Achieve massive parallel Dataverse(D365 CE) inserts with Azure Durable Functions. Part-2

Achieve massive parallel Dataverse(D365 CE) inserts with Azure Durable Functions. Part-2

In the previous article, we saw the core features of azure durable functions and their applicability for Dataverse.

Now it's time to get hands-on and apply that information in a real-world scenario. In this article we'll import a lot of data from a data source (Cosmos DB) into our Dataverse instance.

Those who want to jump straight to the sample code can clone the repository from here.


Create an azure durable function

follow the steps to create a function app

  1. Open Visual Studio and create a function app. Choose the framework as shown below. We are using .NET 8 Isolated, you can choose .NET core as well, but please note that unlike the code in this article if you choose Xrm.Tooling.Connector library which uses WCF to connect with the Dataverse endpoint, you won't be able to do that with .NET core as it needs DLLs which are only available in .NET FX and not core.

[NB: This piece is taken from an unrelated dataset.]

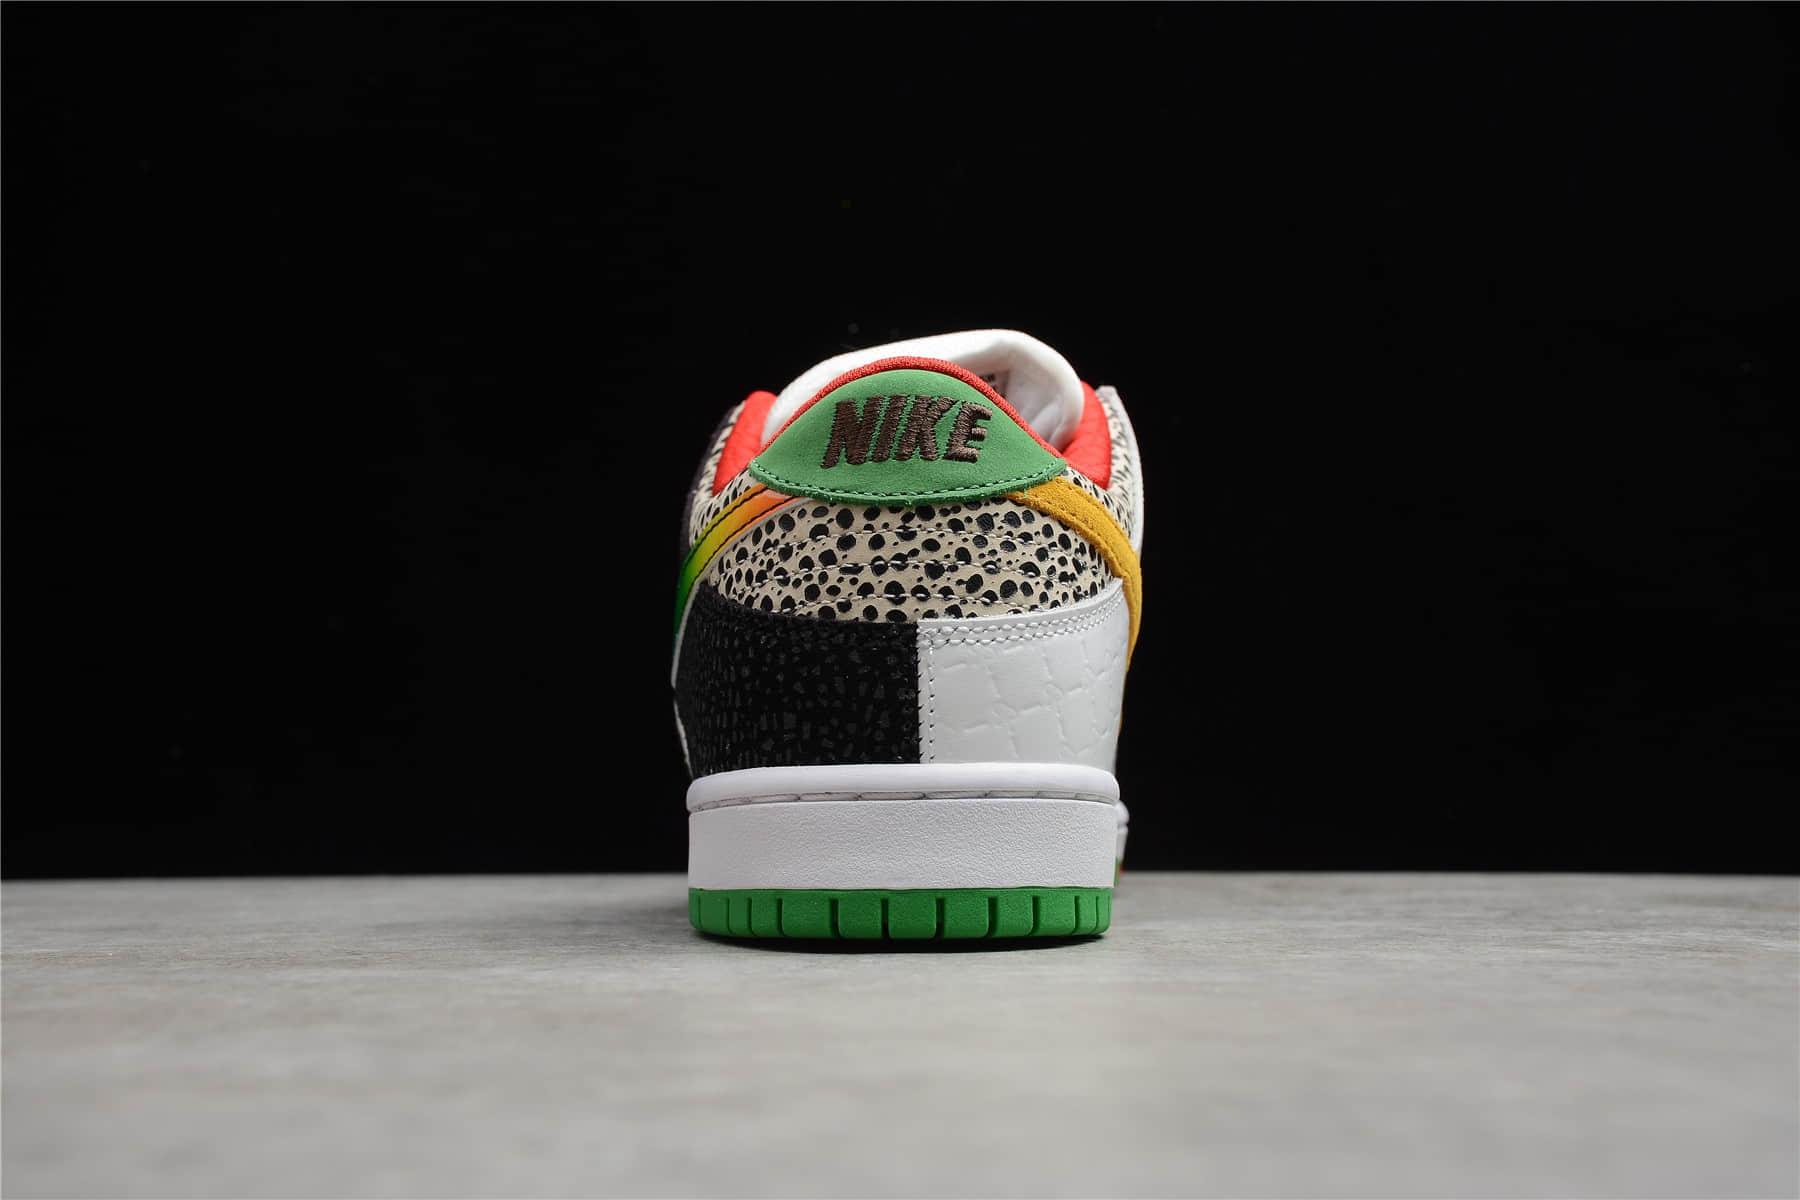 "耐克SB Dunk彩色拼接 Nike SB Dunk Low Pro QS ""What The P-Rod""Releases Tomorrow 耐克Dunk鸳鸯低帮板鞋 货号:CZ2239-600-潮流者之家"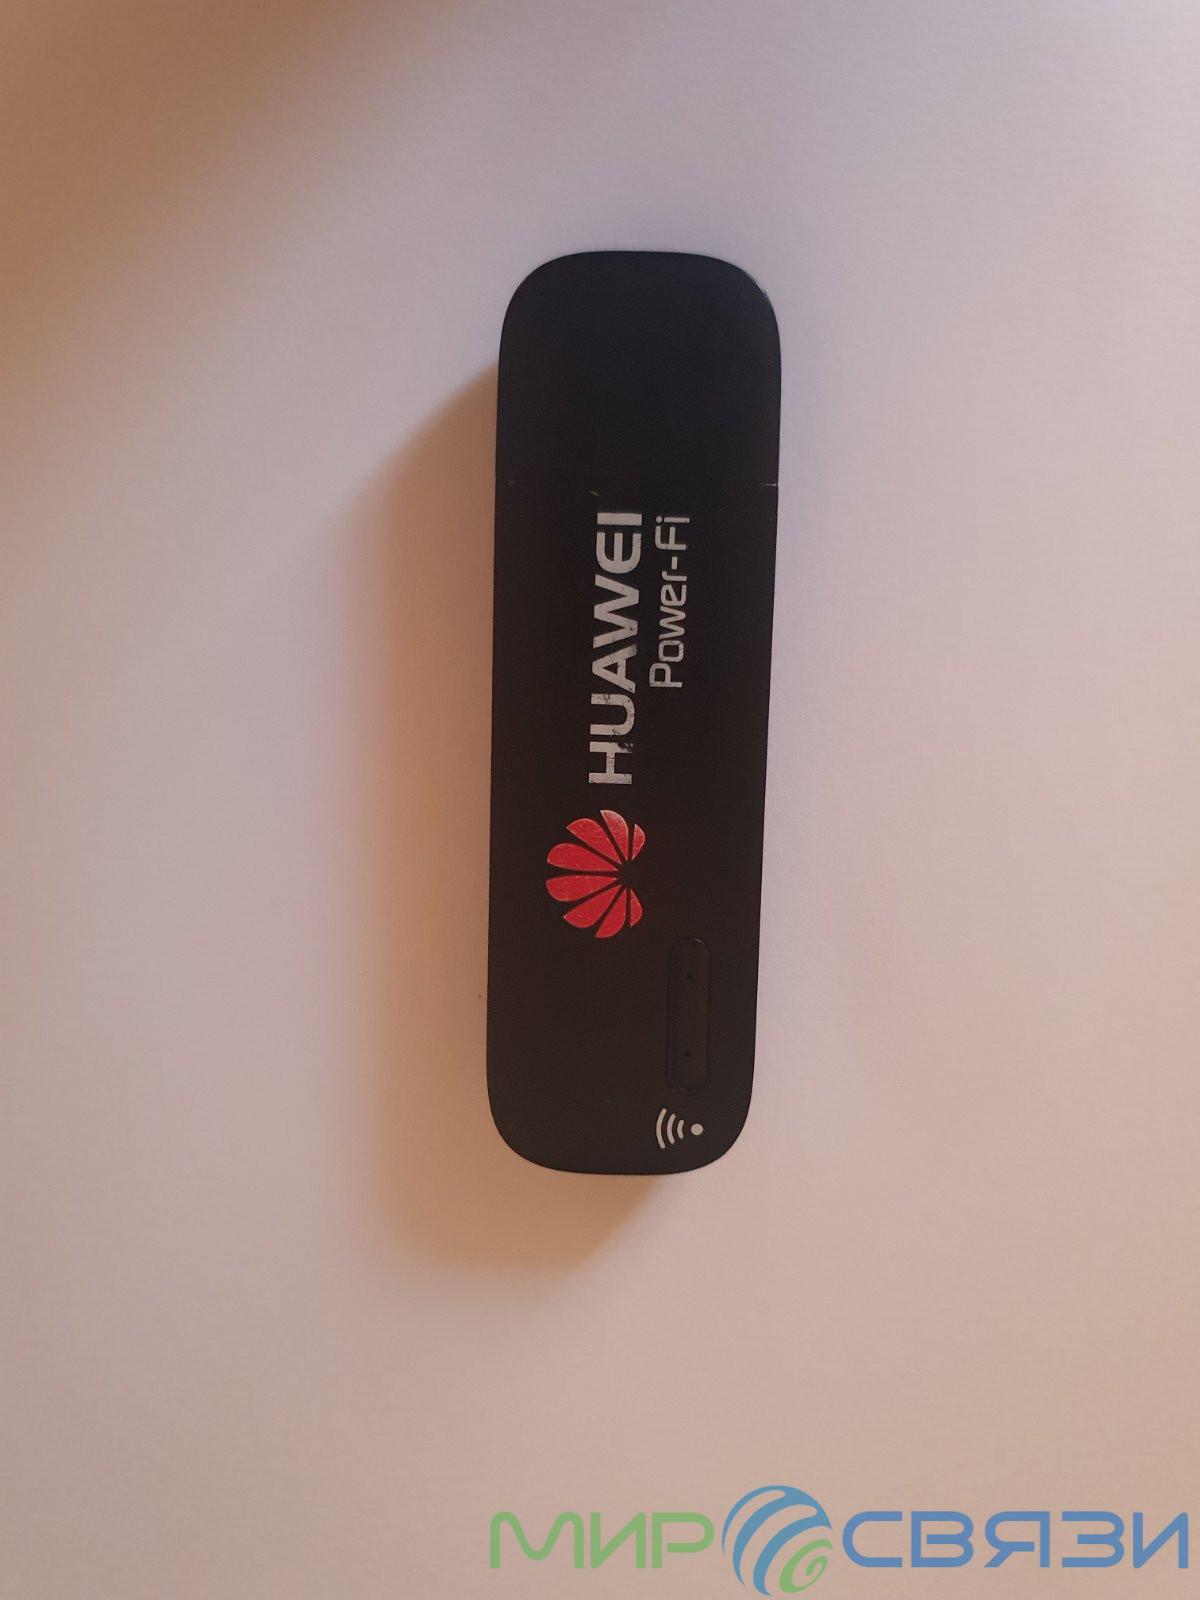 Huawei E8221s-1 USB роутер 3G/UMTS/HSDPA/HSPA+

Create a function app in azure.

Create an azure function as shown below.

  1. The point to highlight here is the app service plan, the app service plan is premium and pricing plan is elastic premium-3 as it gives us more horsepower for slightly higher cost. The number of CPUs that we get is 4. If your scenario requires moderate loads you can go for an EP1 You can scale down once the heavy loading is done. Premium plan provides a max scale out of 100 instances.
  2. Also remember from our previous article, Orchestrator workloads are sticky threads so once an orchestration begins to run on a given VM instance it'll stick to that instance, but activity loads can be executed on any instance, so 100 is a good scale number for us.



What is our use case.

We are going to import Data from CosmosDB (500000 records) into Dataverse table ("Durable Sales"), refer to the previous article(link at the top) to download the solution.

Application Design

We are going to write an HTTP triggered durable function, the trigger will spawn an orchestration instance and give us the instance ID and a tracking URL, we'll use the tracking URL to track the completion of the instance.


As we can see below, a single HTTP trigger will instantiate a single durable orchestration which will queue up a huge number of activities for execution, plz note that as discussed in the previous article, we'll write the orchestrator code in away that it spawns the the activities out and then goes back to sleep until they all are complete, once done, the orchestrator will wake up again and perform aggregation logic to collect the state of all the running activities.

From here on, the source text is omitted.